Dear Editor,
The emancipation of the African ancestors was not a whim of the colonial masters, when they suddenly had an awakening, or a renaissance, or a sudden inspiration of conscience about the worst human bondage in mankind’s history. Emancipation was the struggle of the ancestors, their revolutions, escapes and uprisings, making enslavement an unprofitable venture. And yes, their cries to the heavens being answered at the right time.
The peoples who came after owe a great debt to the African ancestors who laid their bones in the soil before them, and in the Atlantic. When my ancestors came, they had a wharf to land on and a road to walk on, and lands ploughed and cleared by human hands under the scourge of the whip.
For some reason, I feel the pain of those people and I shed many tears. They even taught my ancestors the ways of the white man and his language; they were our first midwives and nurses, and still are. My ancestors suffered but the sufferings of the African ancestors were even worse – incomparable.

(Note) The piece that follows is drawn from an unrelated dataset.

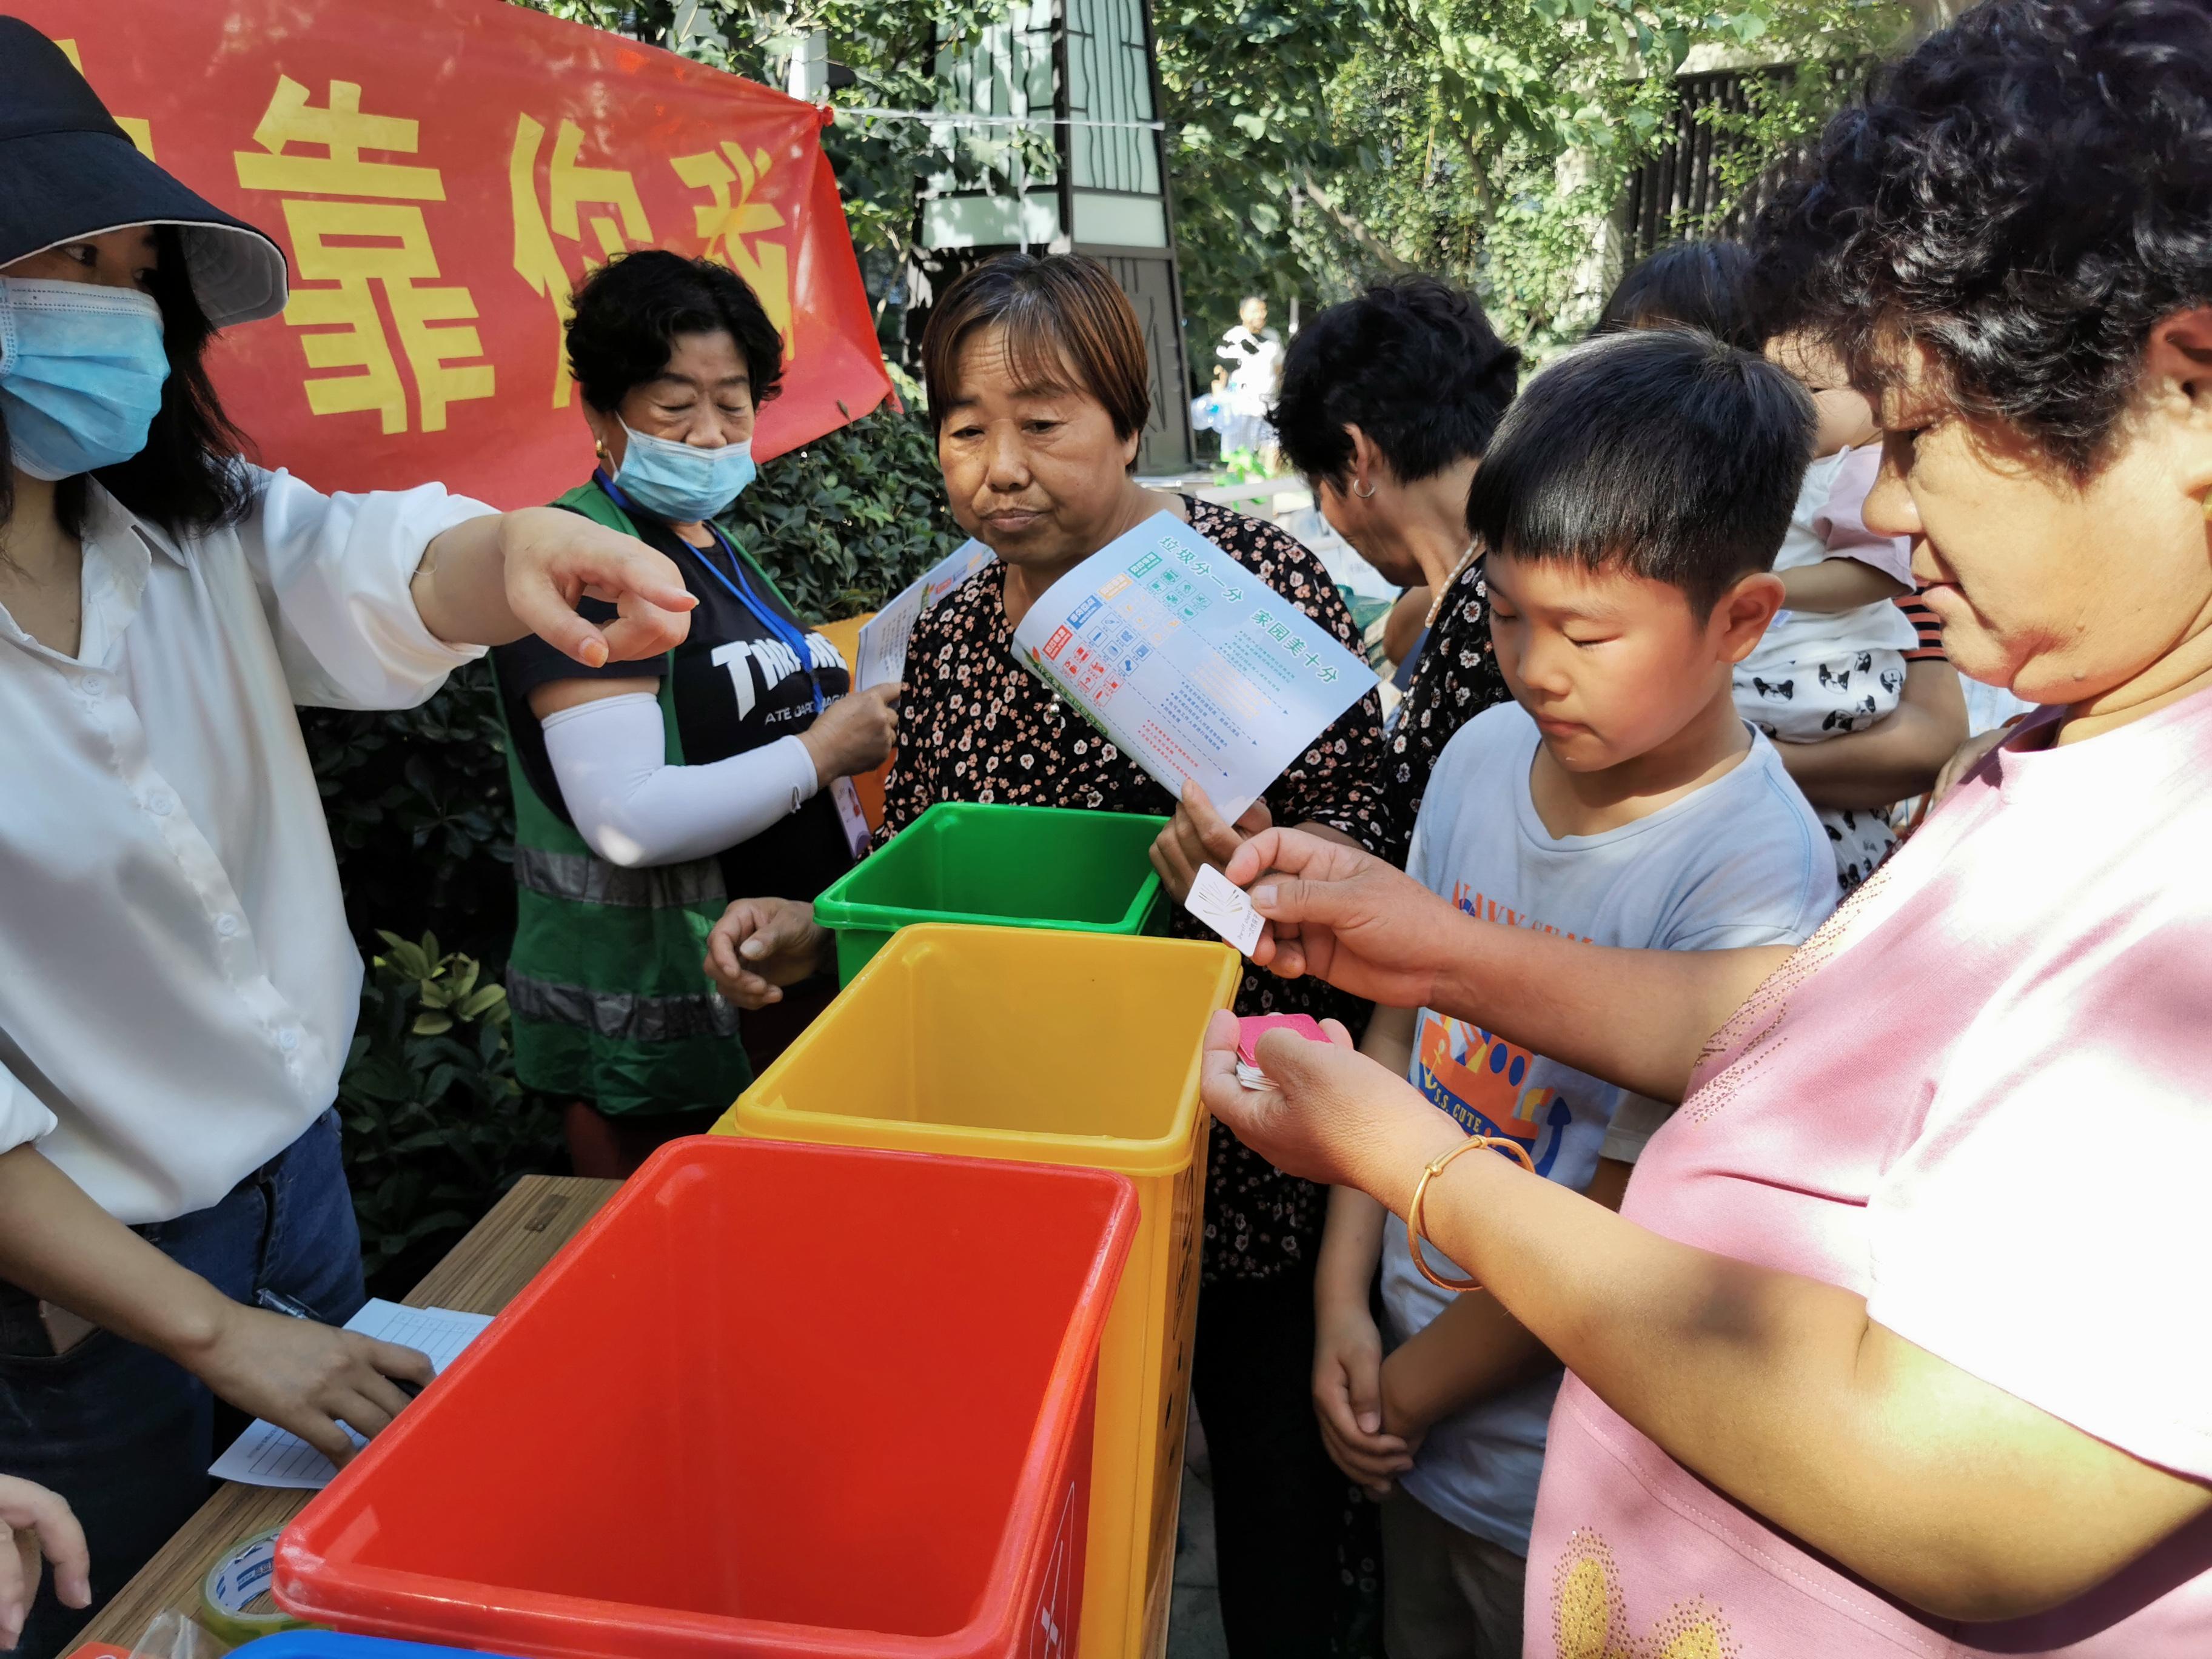 郑州管城回族区 党建引领:垃圾分类益处多,环境保护靠你我

Is it any wonder that the United Nations has declared this year as ‘The Year of Peoples of African Descent’ given all of the above, plus the wisdom of the ancestors, their strength, their scientific discoveries now and in ancient times, and their great history – is it any wonder? Truly my African brothers and sisters and all of us Guyanese must reflect, respect, honour and thank most divinely, the ancestors of African descent.